Шелест стайки кленовых ярко-красных листьев пролетает по черному тротуару мимо него, и он медленно, но равно зациклено провожает их взглядом, вслушиваясь, как ссохшаяся листва царапает асфальт подкидываемая вверх потоками ветерка. Что-то это ему напоминает — и контраст и сам звук, столь сухой, едва царапающий слух, шипящий…

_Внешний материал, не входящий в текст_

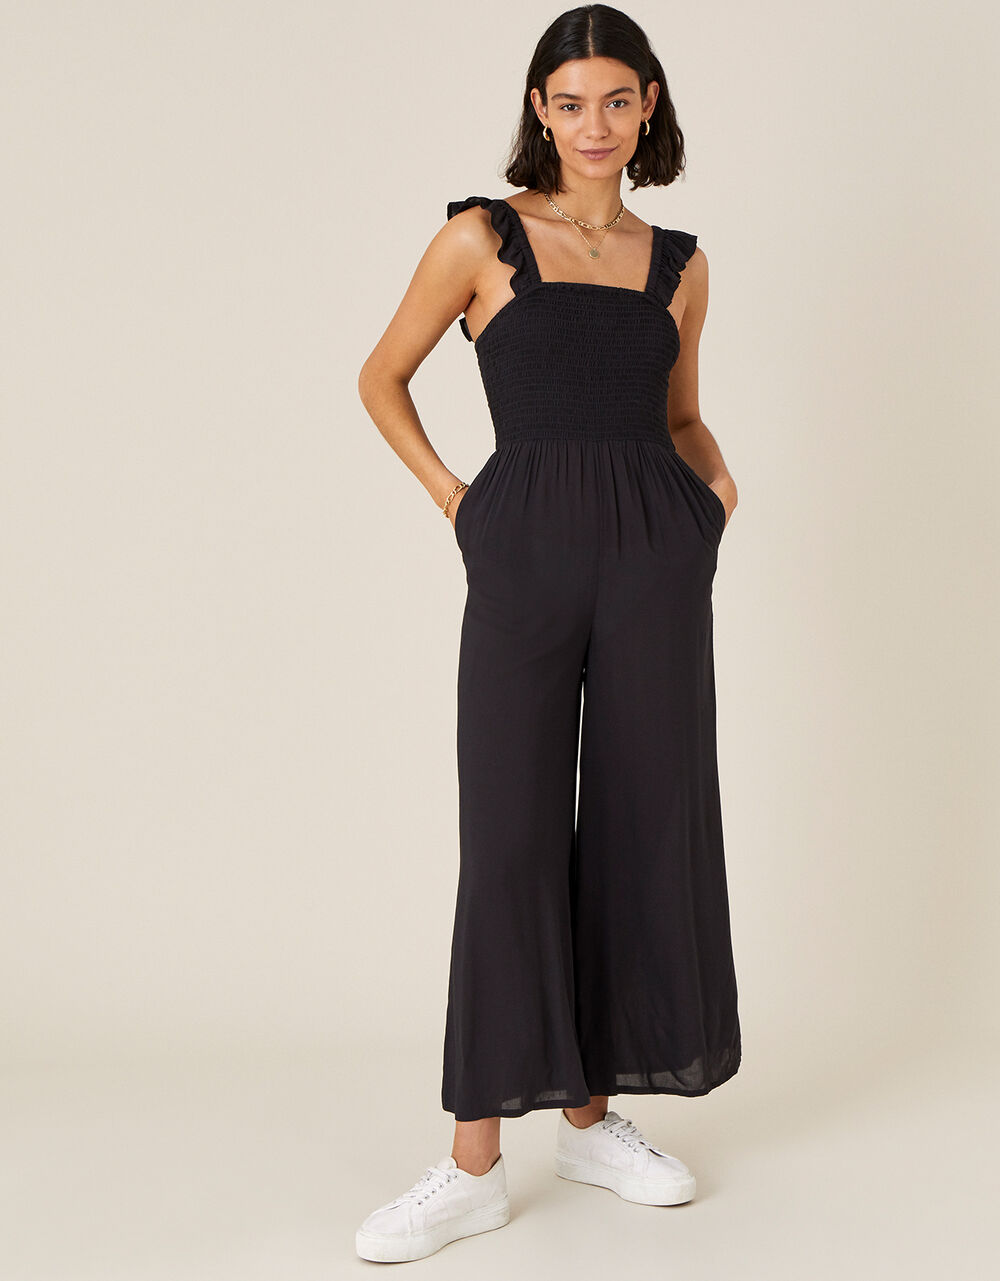 Women Women's Clothing | Ruffle Strap Wide Leg Jumpsuit Black - NO49084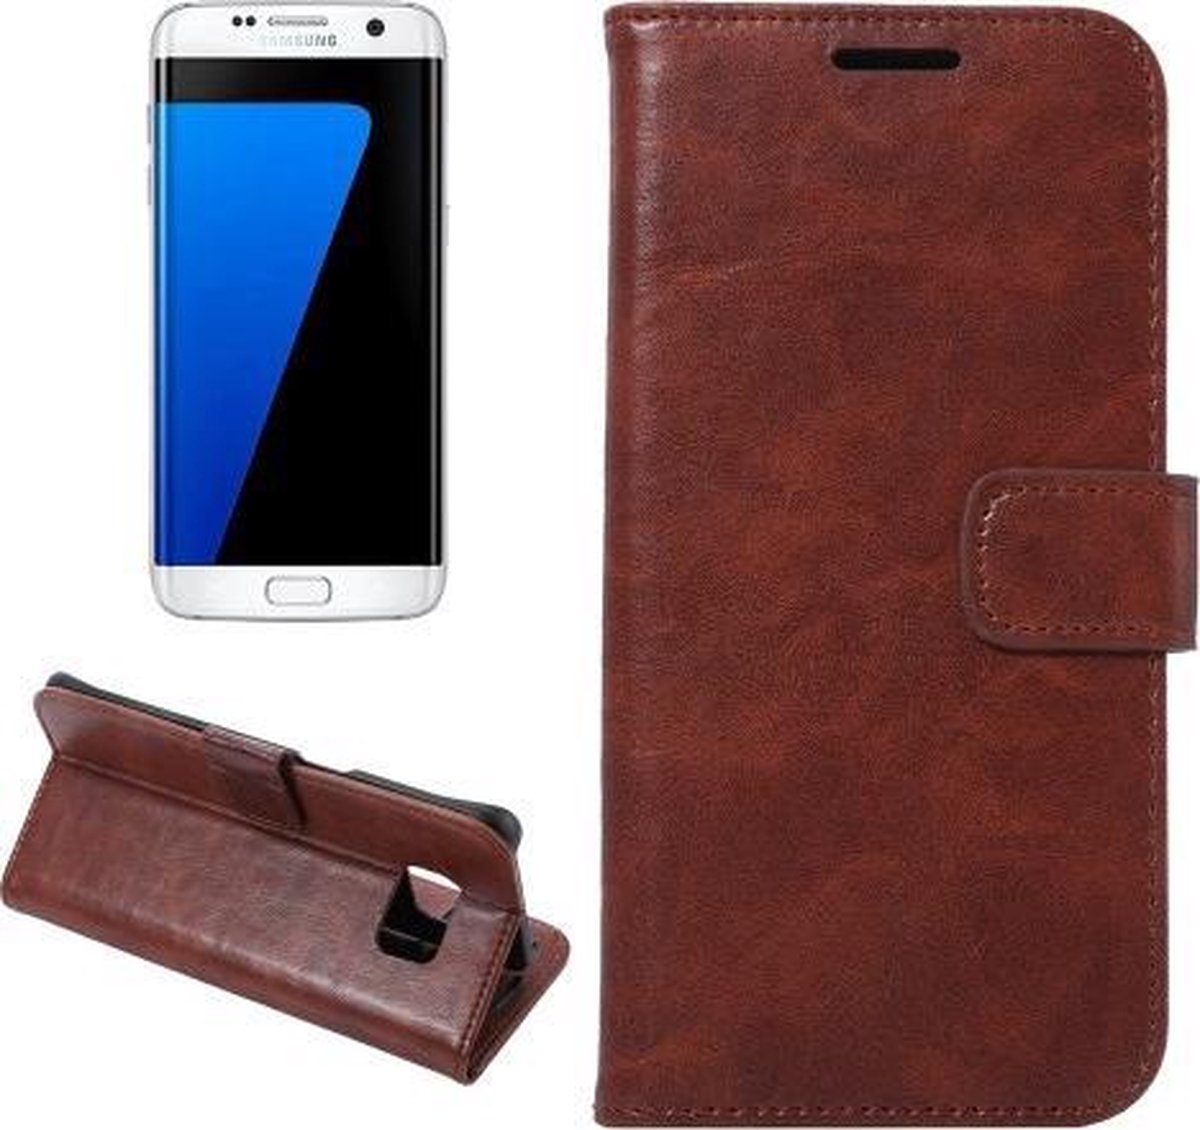 Celltex Cover wallet case hoesje Samsung Galaxy S7 edge bruin

Ледяной Джек встряхивает головой и впивается светло-голубым взглядом на ярко-освещаемую фонарями-тыквами улочку. Двадцать девятое октября и через пару дней — Хэллоуин — День всех Святых, а у него предвкушение такое будто Рождество, прям как лет десять-двадцать назад. Но парнишка трясет головой вновь, и с легкостью взлетает на ближайший фонарный столб, подвисая на нем одной ногой, балансируя с помощью своего неизменного посоха. Дух Радости продолжает выискивать взглядом непорядок, но ничего не находит: внизу по-прежнему слышны смешки детей, споры девчонок-тинэйджеров в чем им лучше и красивей будет на празднике в школах, и как незаметно от преподавателей подлить в пунш алкоголь. Джек улыбается краешком губ, и слышит довольные визги детворы, что по скидке урвали последние приличные детали для пошивки монстро-костюмов.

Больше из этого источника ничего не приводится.